#CCPinCEE | Chinese influence in North Macedonia

In 2018, the 16/17+1 Coordination Center for Cultural Cooperation was established at the Ministry of Culture of North Macedonia. Despite its name, its activities (quite limited, for now) do not extend to any of the other countries of Central and Eastern Europe, but only to Chinese culture, aimed at strengthening Chinese soft power via events such as piano recitals, concerts and plays.

Until the outbreak of the pandemic, the Chinese government regularly organized training trips for civil servants and occasionally companies, universities and journalists. The trainings focus on economic topics, such as trade, investment and tourism, and show China’s economic advancement and technological prowess, as well as its governance model, heritage, culture and gastronomy. Although relatively few people have taken part in these trips, it is a select group who tend to be current or future decision makers and return home deeply impressed.

In granting development aid, China often emphasizes that the funds are a sign of the traditional friendship between the two countries, paid without conditions. This is a subtle nudge towards Western donors, particularly the EU, which conditions its aid on political and economic reforms. Moreover, Chinese-funded projects are typically highly visible social and transportation infrastructure and amenities, such as schools, highways, and medical equipment, while Western donors have recently shifted their focus primarily to soft” and political reforms.

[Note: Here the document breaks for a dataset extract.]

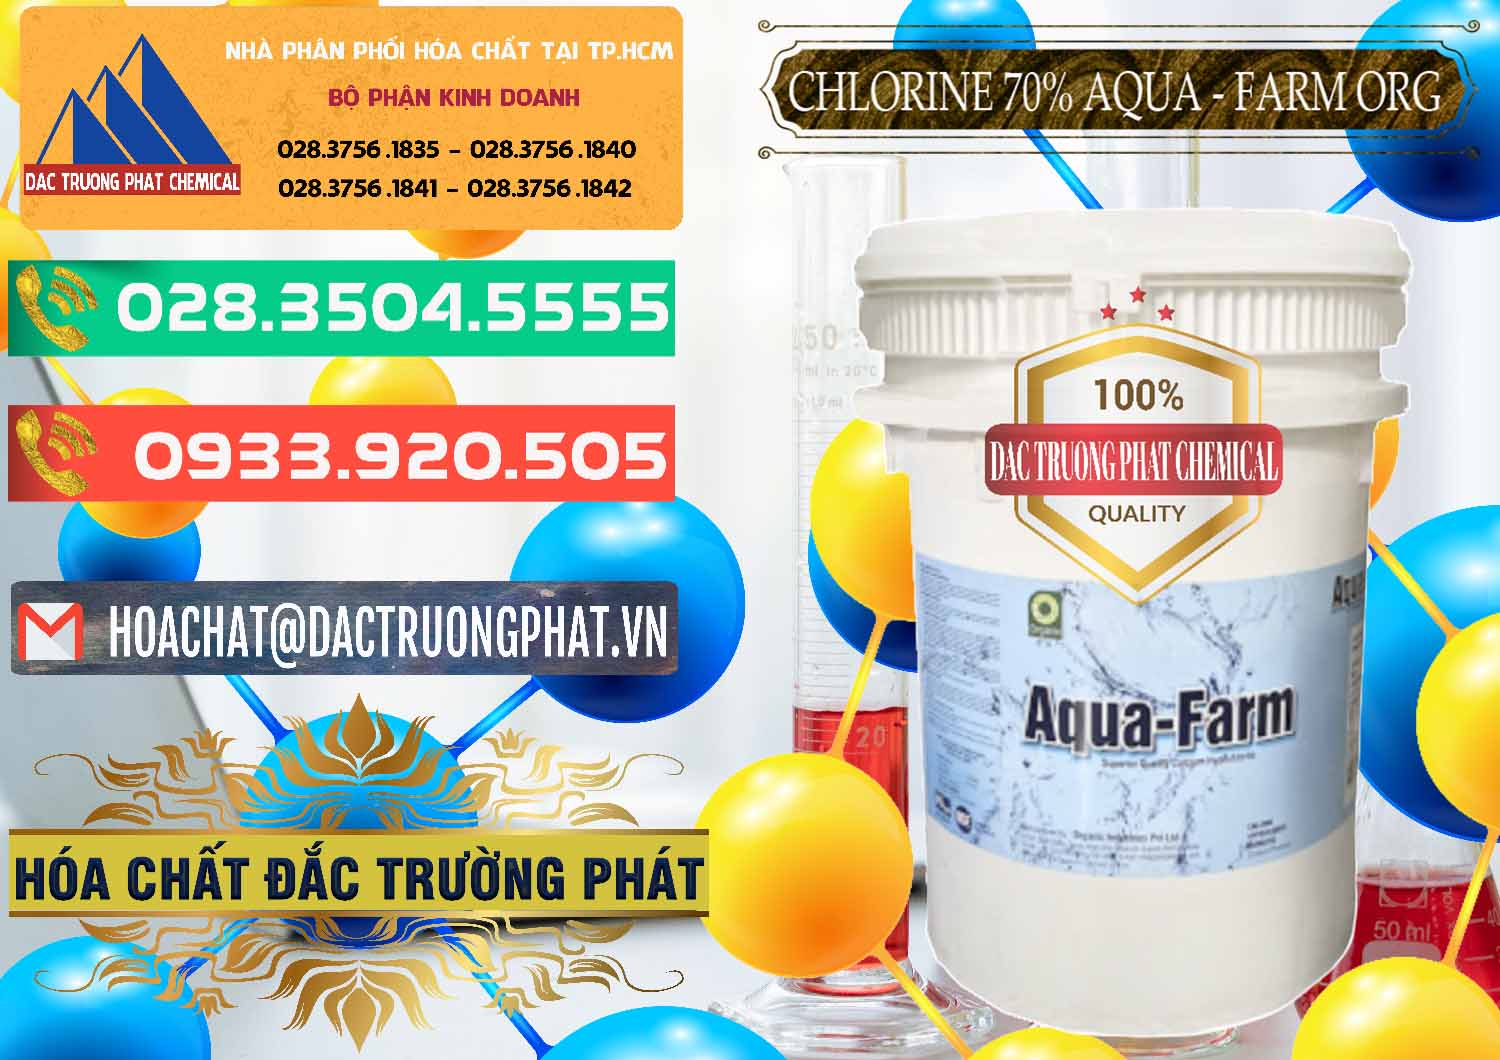 Công ty chuyên cung cấp _ bán Chlorine – Clorin 70% Aqua - Farm ORG Organic Ấn Độ India - 0246 - Công ty phân phối - bán hóa chất tại TP.HCM - congtyhoachat.com.vn

Development aid can also become a powerful means of coercion. For example, after North Macedonia’s decision to join the US-led Clean Network Initiative, China strategically suspended a Huawei grant-funded project to build an online education network ahead of expansion. of the network of the capital to the whole of the territory. Furthermore, a loan agreement with the Export-Import Bank of China for a highway project allows China to unilaterally terminate the project agreement and demand immediate reimbursement if it considers that a policy pursued by the North Macedonia is not in line with its interests. This is a standard clause in most Chinese loan agreements which has not been triggered so far. But, arguably, in recent years China has become more assertive, perhaps making this clause much less hypothetical in the future.

China’s COVID-19 aid to North Macedonia at the start of the pandemic coincided with the EU’s relatively chaotic handling of the crisis and Brussels’ initial ban on medical equipment exports and slow delivery emergency aid to non-EU countries. Later, Chinese “mask” diplomacy gave way to “vaccine” diplomacy. As North Macedonia struggled to source vaccines from Western manufacturers, China was the first country to supply a significant number of doses.

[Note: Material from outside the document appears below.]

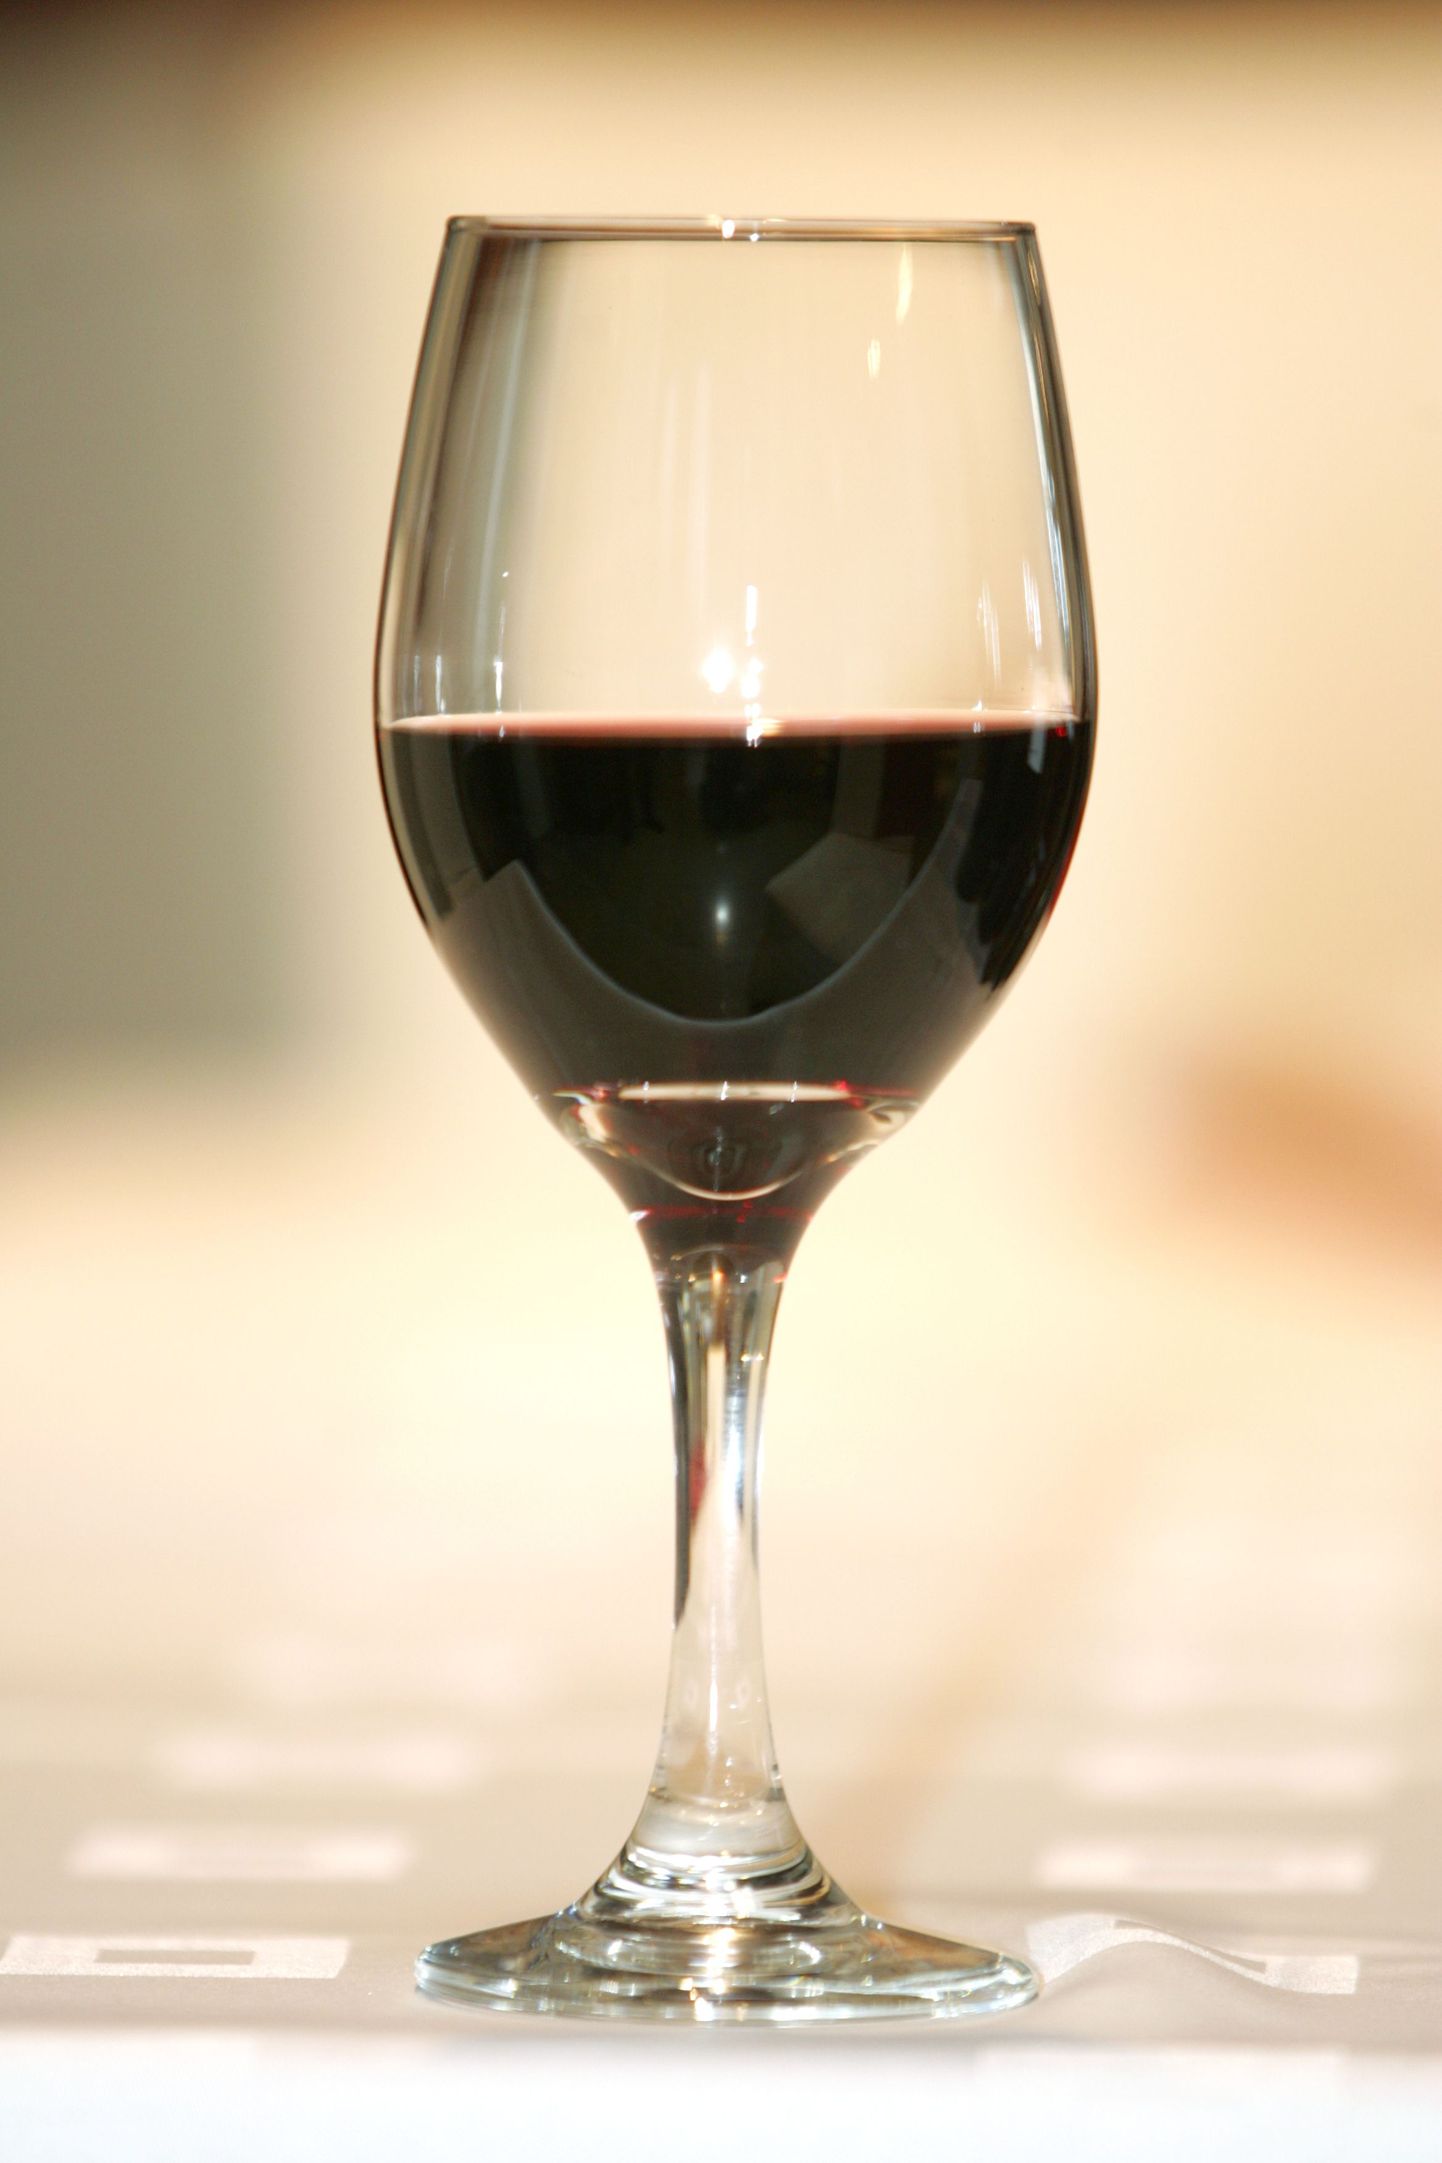 Ka klaasikeses veinis peitub üksjagu kilokaloreid.

Meanwhile, influence operations aimed to amplify positive views about China and its role in North Macedonia during the pandemic. The Chinese Embassy, ​​through its official Facebook account and its employees’ private accounts, has shared positive stories about China’s handling of the pandemic. He also sponsored content in mainstream media through opinion pieces featuring official positions of the Communist Party of China and, using opaque language, contributing to confusion about whether equipment received from China was entirely a donation or a purchase. Some of the supposed donations were actually purchases, including Chinese-made ventilators purchased with EU funds.

Some internet portals followed a global trend of revising recent history and encouraged speculation about the origin of the virus, as well as China’s constructive role during the pandemic, as opposed, in particular, to the United States. These efforts, which were subtly aimed at undermining the West’s credibility, contribute to China’s approval ratings rising from 25% in 2018 to 39% in 2021, alongside a 5% drop for the EU .

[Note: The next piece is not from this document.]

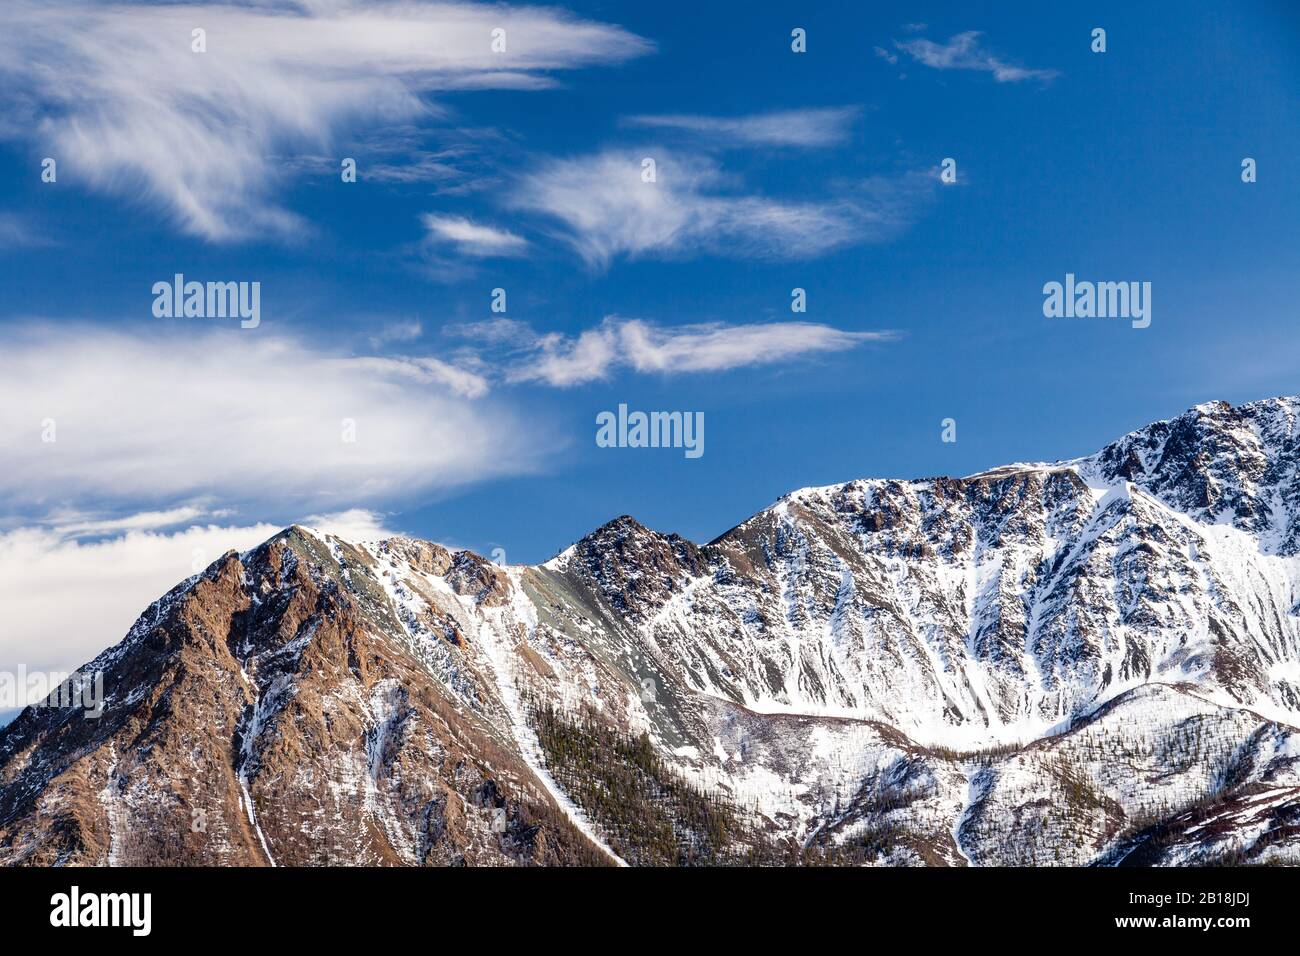 Cima di montagna innevata del ghiacciaio contro cielo blu, nuvole, copia spazio, luogo per il testo Foto Stock

Over the past decade, China has used agreements facilitating access to the Chinese market, visits by Chinese business delegations, pledges by Chinese and Macedonian officials and joint B2B events to create the impression that more cooperation close relationship between the two countries would lead to increased exports to China, investment by Chinese companies and more Chinese tourists to North Macedonia. So far, however, there has been no business investment, the trade deficit has grown and diplomacy has been brazenly transactional, with China calling for the abolition of visas as a precondition for welcoming more than Chinese tourists.